The British military historian Antony Beevor and the German historian Gottfried Schramm explained the wave of German reprisals across Crete that followed the Kreipe operation as unconnected to Kreipe's abduction. Beevor and Schramm saw the terror campaign across the island, including the Holocaust of Kedros from 22 August and the separate Razing of Anogeia from 13 August, as a means to facilitate the planned German evacuation from much of the island to the stronghold of Chania. by aiming to cow the Cretans.

Grouping their forces around Chania, the Germans remained trapped until the end of the war, refusing to surrender to the Greek army, for fear of retaliation. They eventually surrendered to the British on 23 May 1945.

The Holocaust of Kedros was an operation involving 2,000 Axis soldiers who targeted the Kedros villages namely Gerakari, Gourgouthi, Kardaki, Vryses, Smiles, Drygies, Ano Meros, and Chordaki. The nearby village of Krya Vrysi (Κρύα Βρύση) was also attacked. A total of 900 houses were burned, 50 civilians were shot and 3,500 became internally displaced. In the following days the operation expanded to other villages, men were executed, houses were looted and then burned or dynamited regardless of their involvement in resistance activities. Local resistance bands could do nothing but watch, being vastly outnumbered.

Müller was convicted for these and other war crimes. He was sentenced to death on 9 December 1946 and executed by firing squad 20 May 1947.

==Propaganda exploitation==
While SOE planned and executed the abduction, the Political Warfare Executive (PWE)—the clandestine British body responsible for psychological warfare—managed the subsequent propaganda campaign. The two organisations had operated separately since August 1941, when propaganda functions were removed from SOE and placed under Foreign Office control.

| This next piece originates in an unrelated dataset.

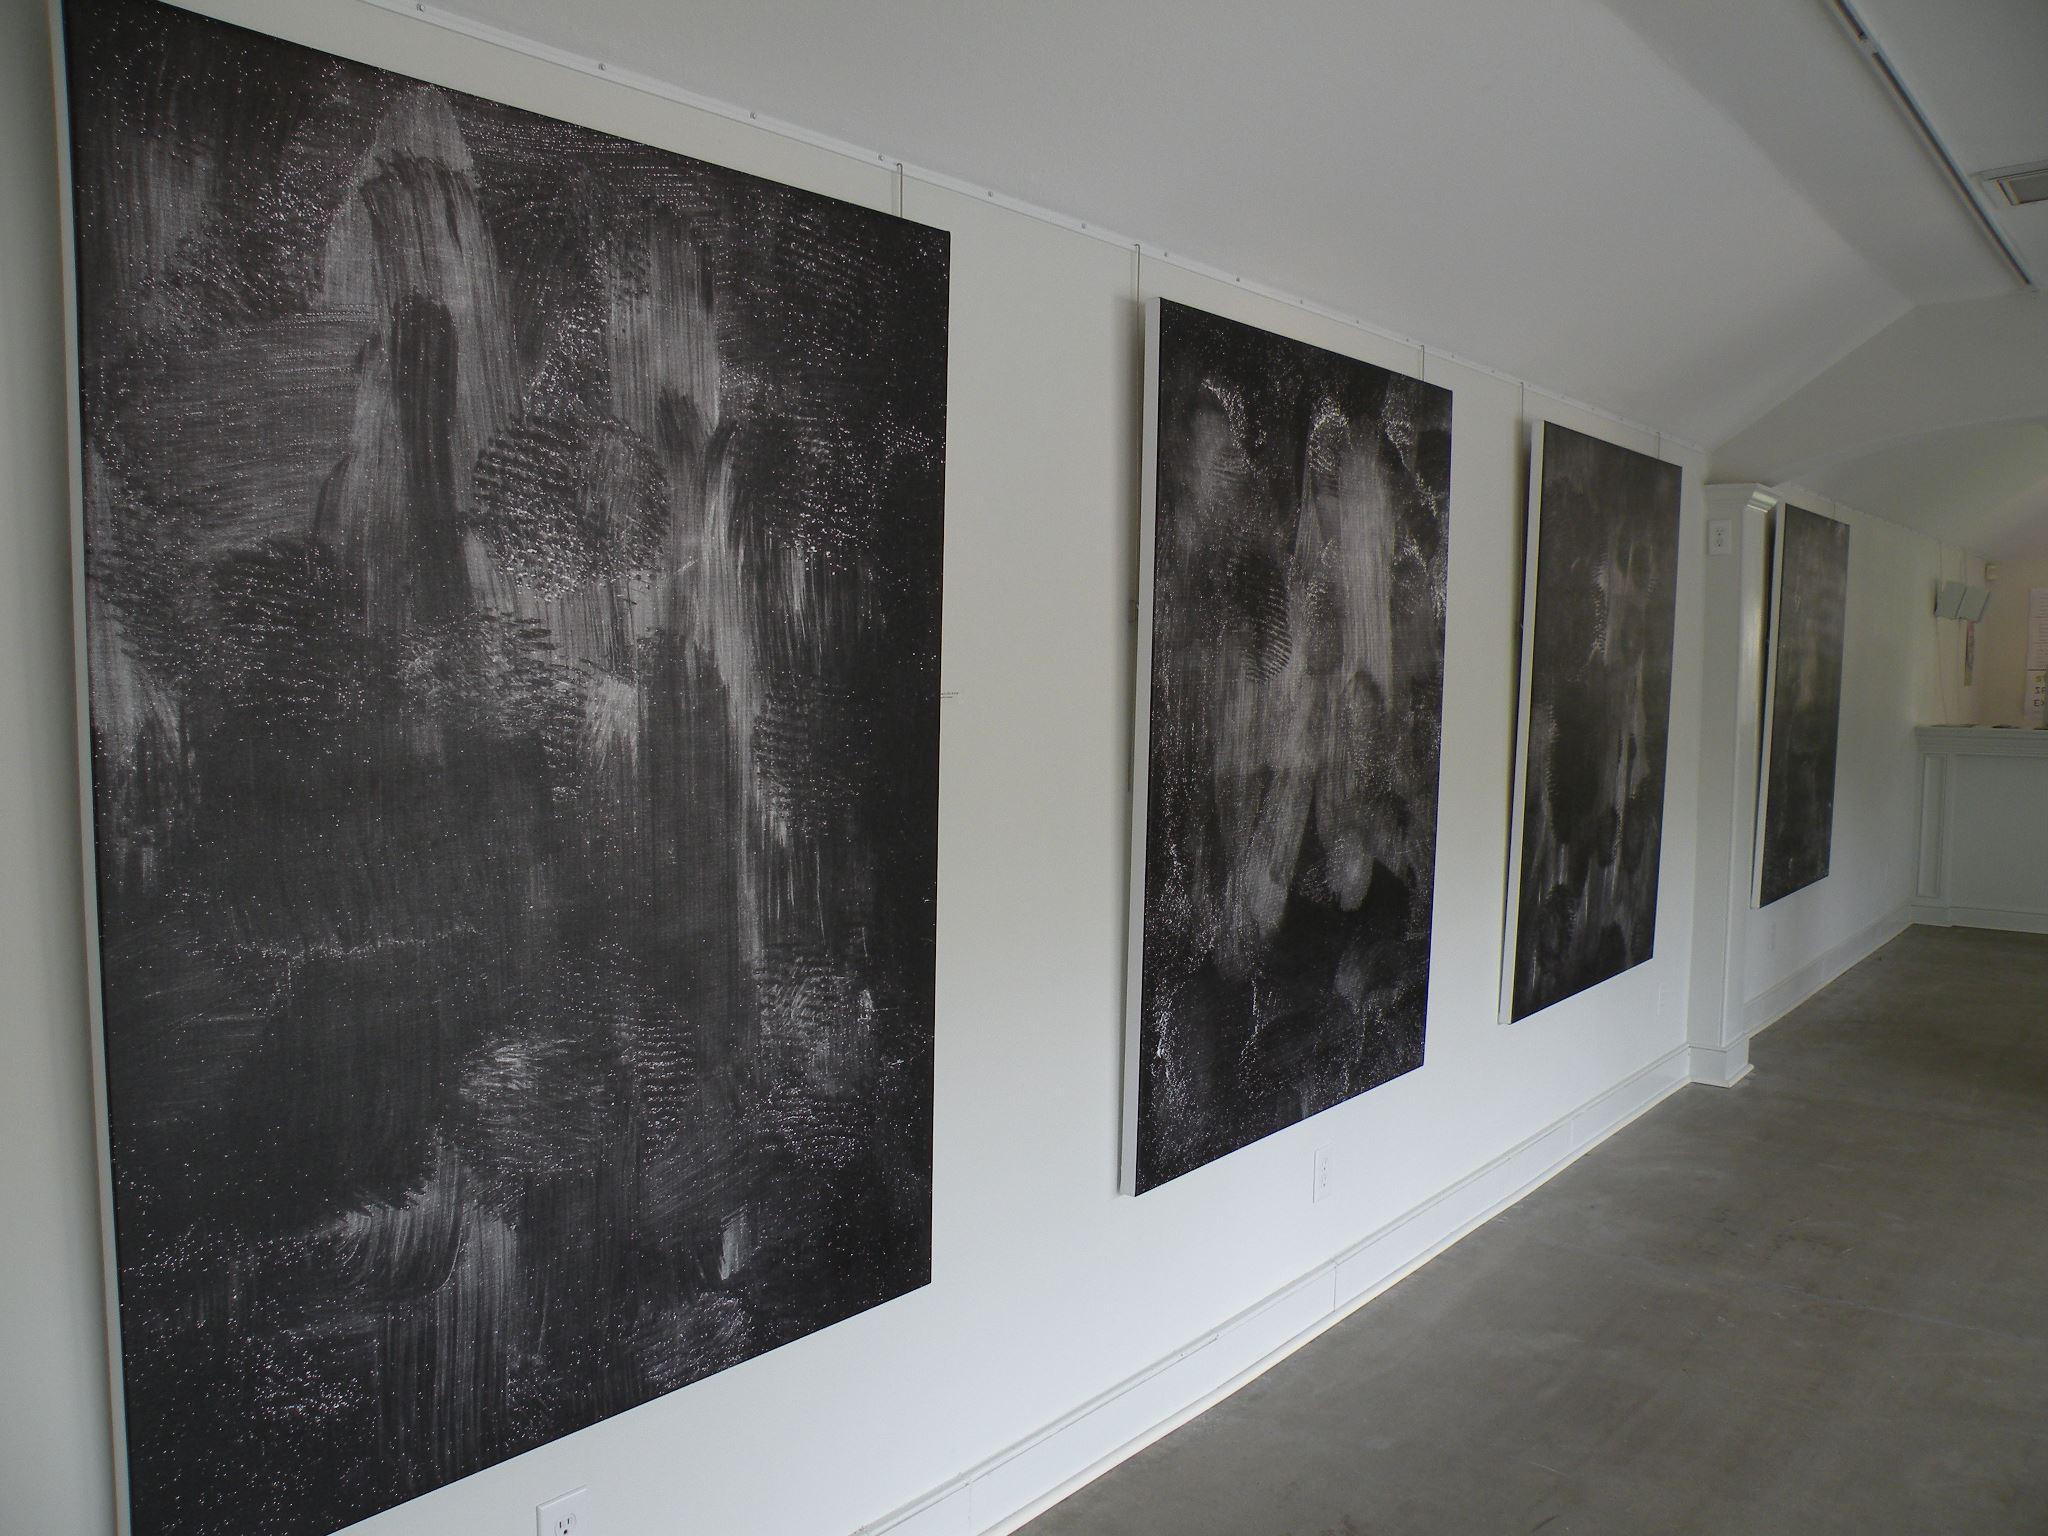 Exhibit view, Start Gallery, 2013

Allied propaganda portrayed the kidnapping as a cover story for Kreipe's voluntary defection, suggesting he had fled to the Allies from disillusionment with the Nazi regime. This disinformation aimed to undermine confidence in the loyalty of senior German officers. The Germans did not publicly credit the defection narrative; however, the arrest of Kreipe's aide-de-camp and guards on suspicion of complicity suggests the operation succeeded in creating distrust within the garrison.

==Biographical works==
These events were portrayed in Moss's autobiographical book Ill Met by Moonlight: The Abduction of General Kreipe. In 1957, the book was turned into the film starring Dirk Bogarde, David Oxley and Marius Goring. Leigh Fermor and Psychoundakis also recounted their experiences in the respective biographical works Abducting a General: The Kreipe Operation and SOE in Crete and The Cretan Runner: His Story of the German Occupation.